Work item → Which lines run from the one with "comparaciones,edad,famosos,pasado,presente" through the end of the data? Retype them exactly, without pictures.

Dataset extract →
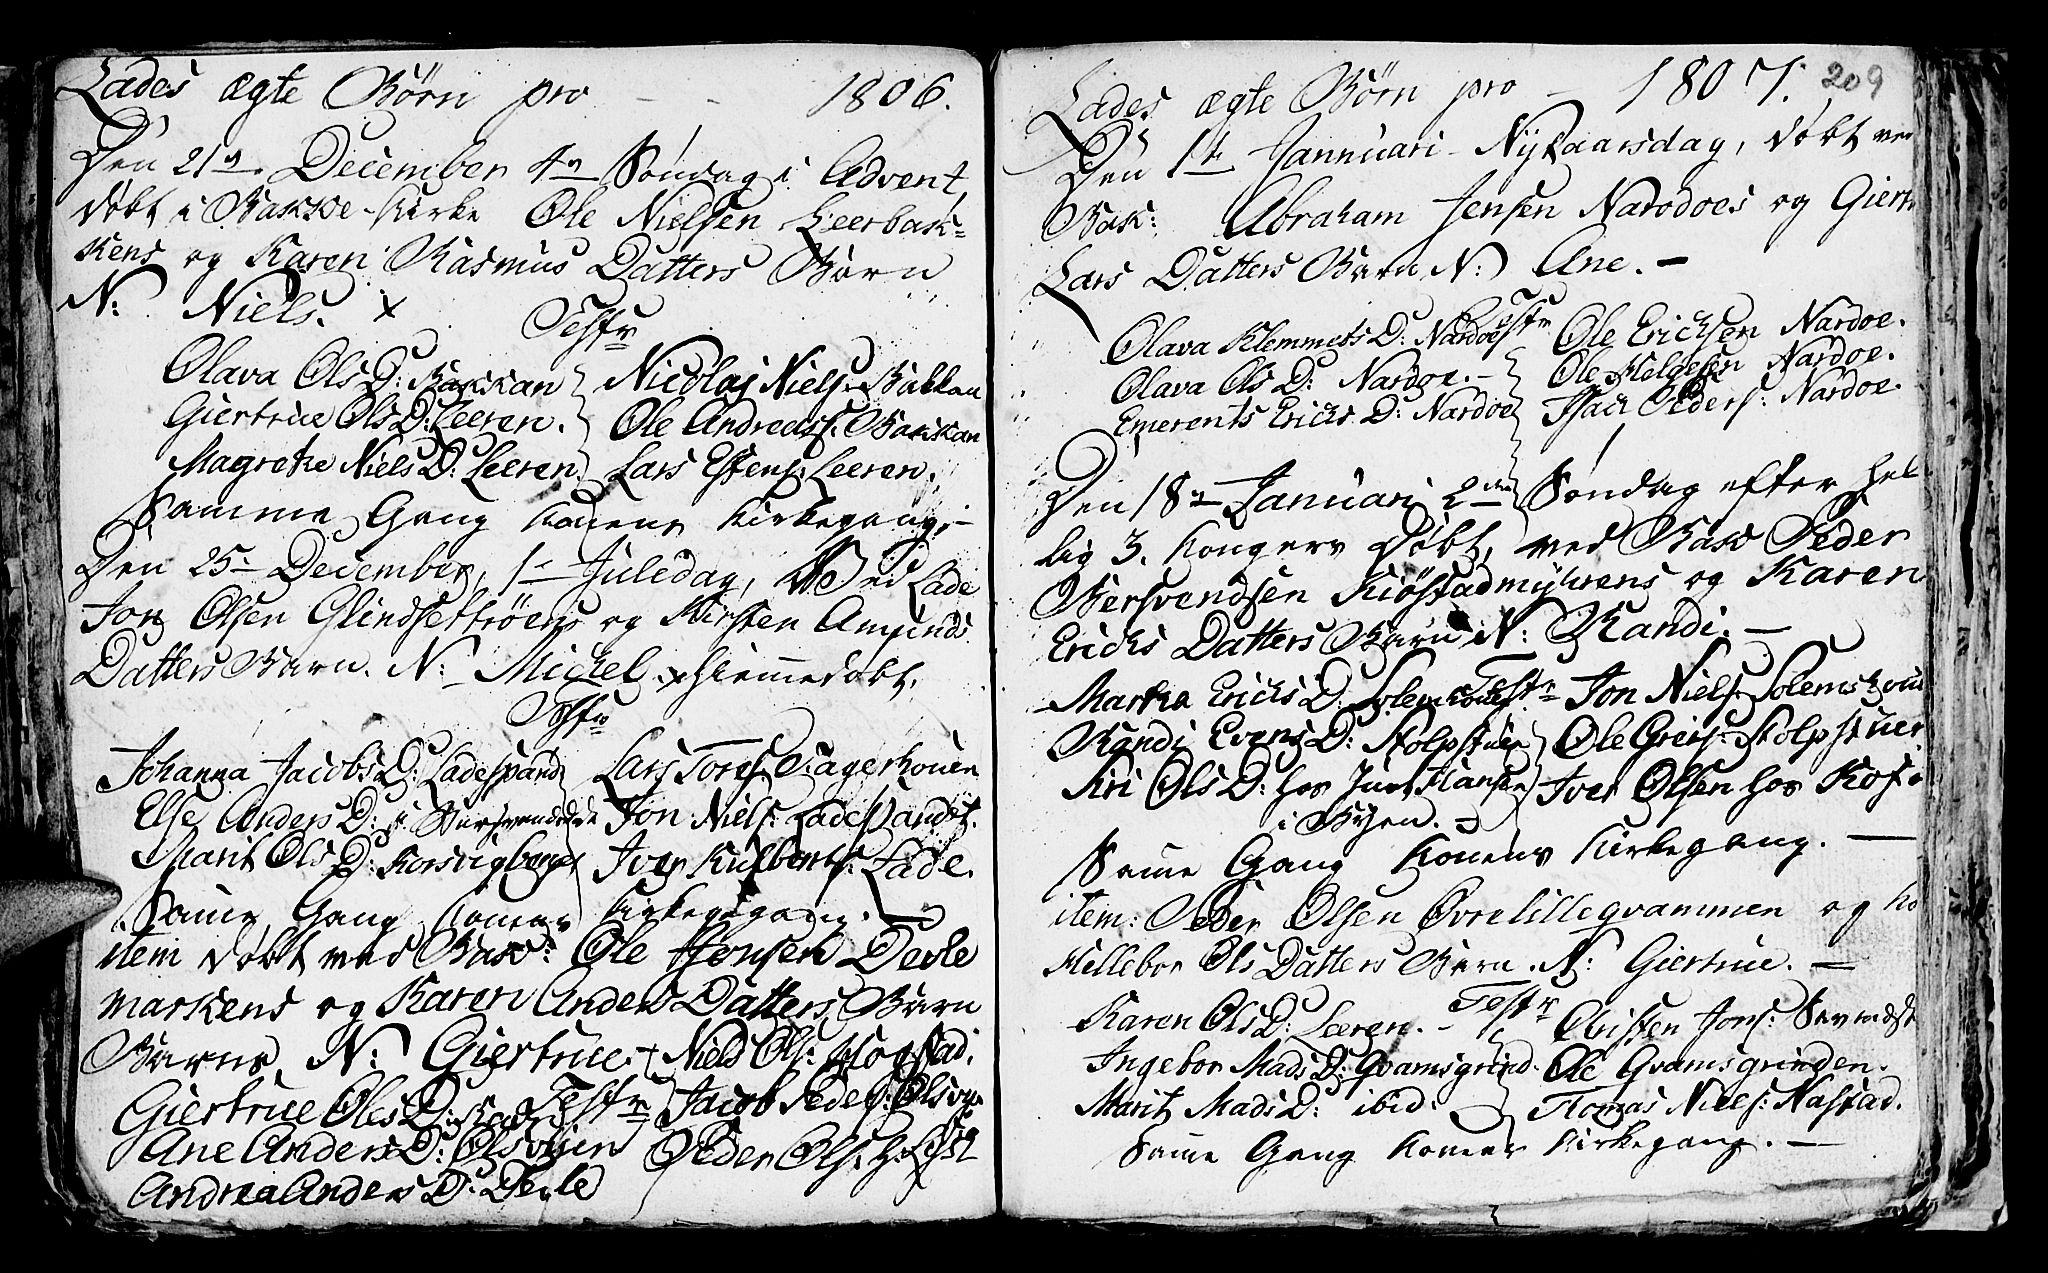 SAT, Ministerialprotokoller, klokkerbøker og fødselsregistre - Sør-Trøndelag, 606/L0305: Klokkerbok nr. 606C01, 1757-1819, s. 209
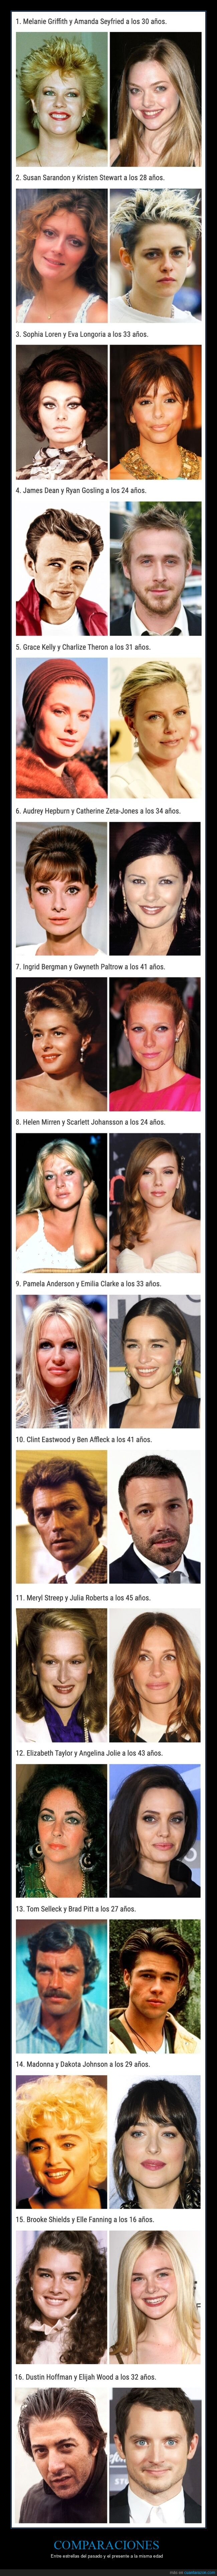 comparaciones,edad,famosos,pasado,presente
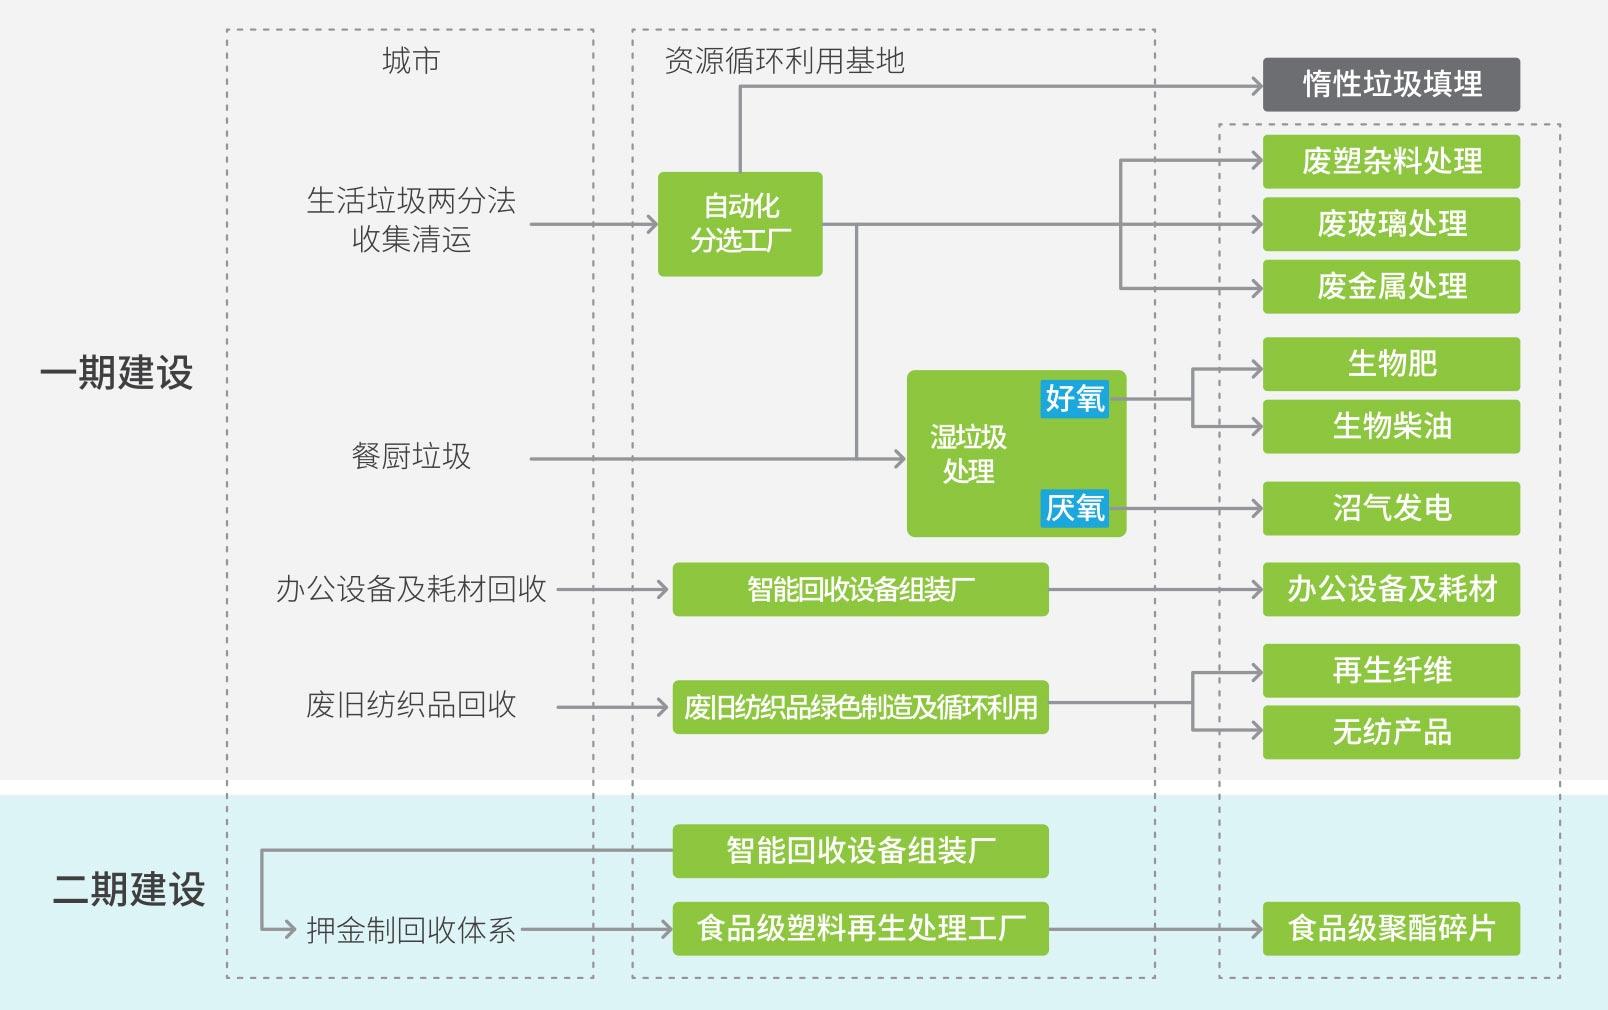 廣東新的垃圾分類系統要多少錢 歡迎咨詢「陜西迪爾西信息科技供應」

Answer to the problem →
 comparaciones,edad,famosos,pasado,presente
 廣東新的垃圾分類系統要多少錢 歡迎咨詢「陜西迪爾西信息科技供應」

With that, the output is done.